THE TEACHER
VOLUME 1: THE DAWNING EPOCH
BEINSA DOUNO
(Peter Deunov)
Peter Deunov (1864 — 1944), who is also known as Beinsa Douno, was a spiritual teacher in Bulgaria. He said that a new epoch has begun in which human beings will come to live in love and freedom. His mission was to prepare us for this new life. To those who followed him he was simply 'the Teacher'. Using simple language, he taught profound and practical Christianity, guiding his disciples to establish direct contact with the Spirit, and holding that true knowledge is only that which is personally tested and verified.
After he passed away, his teaching was suppressed for forty-five years, during the communist rule in Bulgaria. With the arrival of democracy in 1989 his voice began to emerge from obscurity. While Peter Deunov again became a known figure in his homeland, he remained almost invisible to the wider world. Gradually this began to change, and in recent years there has been a growing international recognition of the value of his work.
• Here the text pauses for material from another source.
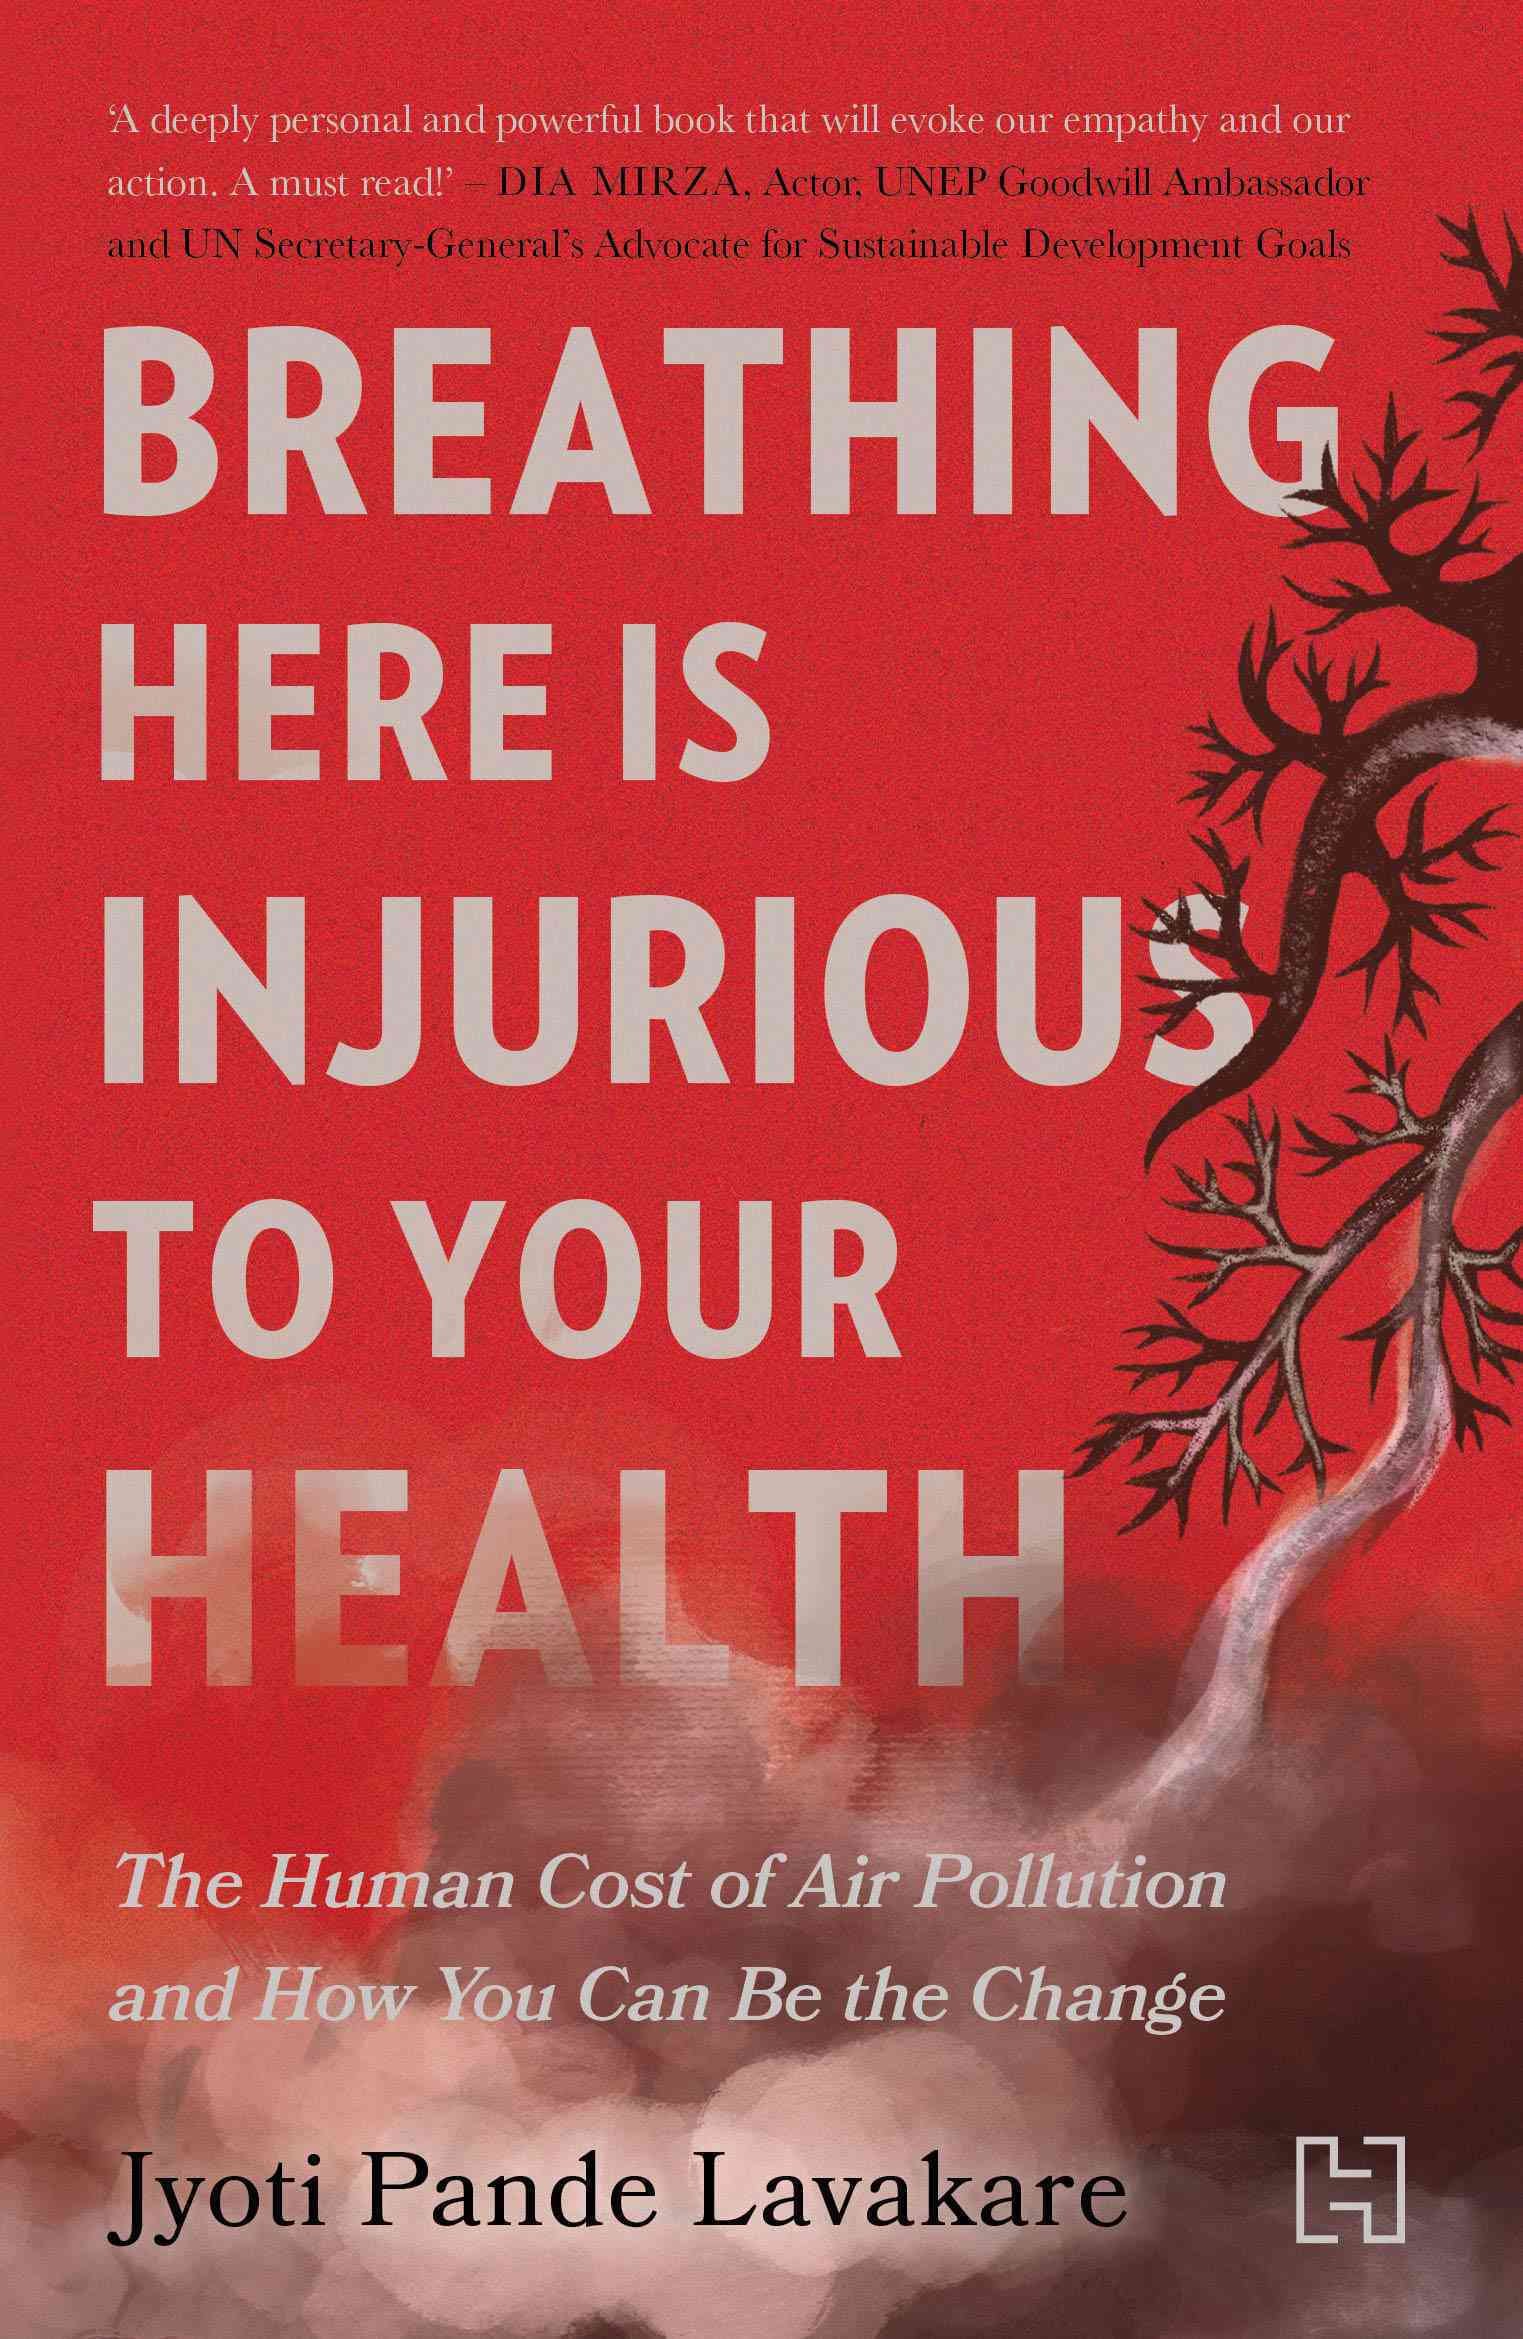 Breathing Here Is Injurious to Your Health
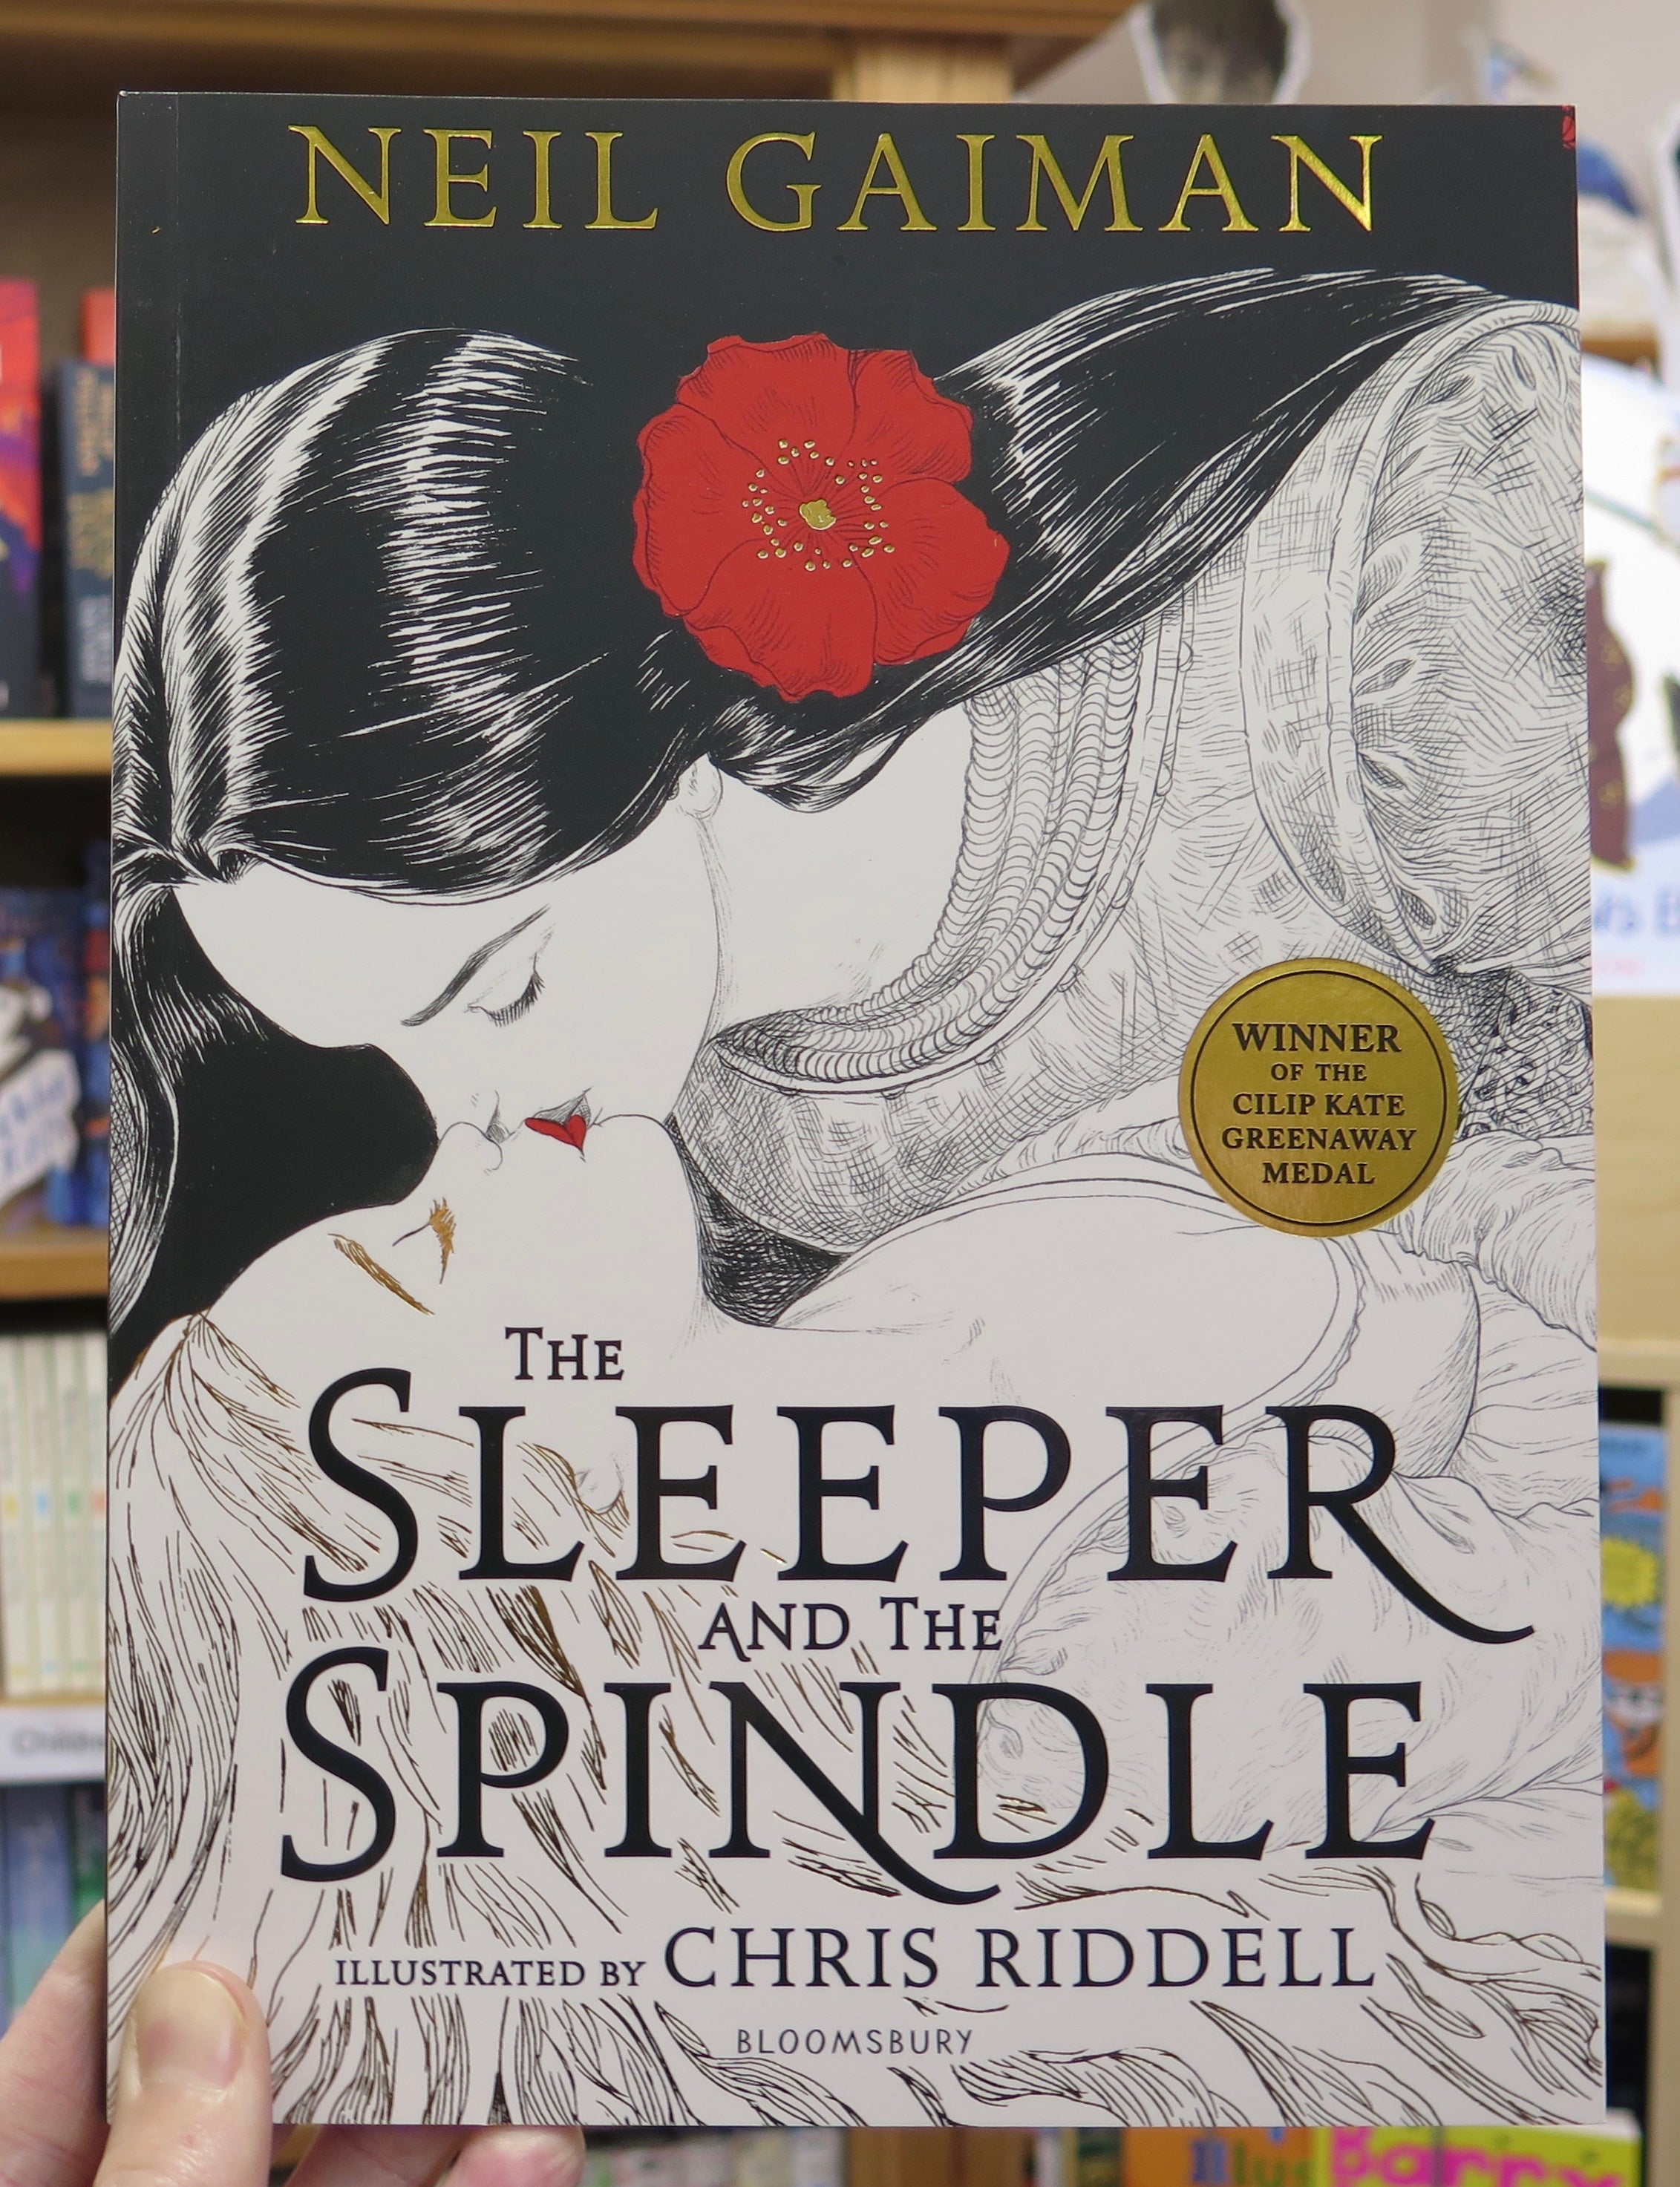 and　Neil　Riddell　Chris　Spindle　Gaiman　(ill.),　Bookseller　and　the　The　Sleeper　Online　Sam　Read　Shop

The Teacher encouraged his disciples to think of themselves as brothers and sisters, and he worked for the idea of Brotherhood to inform all levels of human relations, from the personal to that between nations. As part of this process, he developed the Paneurhythmy, a communal dance set to music to promote social harmony, spiritual development, energetic balance and physical health. According to Peter Deunov, the inner side of all religions is the same, there being one great truth, that of the relationship between the human soul and God.
This edition presents the lectures of the Teacher, Peter Deunov, Beinsa Douno, along with relevant passages from the Bible, in a suitable form for readers of the English language.
THE TEACHER is intended as a series of which THE DAWNING EPOCH is the first. It is available in both flapped paperback and hardback.
ISBN 978-1-905398-35-5
£19.95 (flapped paperback)
ISBN 978-1-905398-36-2
£29.95 (hardback)
Published February 2016 by Shining Word Press
Buy The Teacher GBP
Buy The Teacher USD
Review
Book Review
The hundred year period starting from around the middle of the nineteenth century was especially momentous for a new wave of spirituality that affirmed the Immortal and Timeless verities of all ages, but in a manner and form to suit the prevailing times, particularly in the West, which was then ultra-materialistic. The fertile period of spiritual effulgence was privy to such luminaries as Helena Blavatsky and Annie Besant in the Theosophical Society, William James, Manly Hall and Emerson in America, Ramana Maharshi and Krishnamurti in India, Rudolf Steiner in Europe – and Beinsa Douno the Bulgarian sage of whom Einstein said ‘All the world renders homage to me and I render homage to the Master Peter Deunov [Beinsa Douno] from Bulgaria’.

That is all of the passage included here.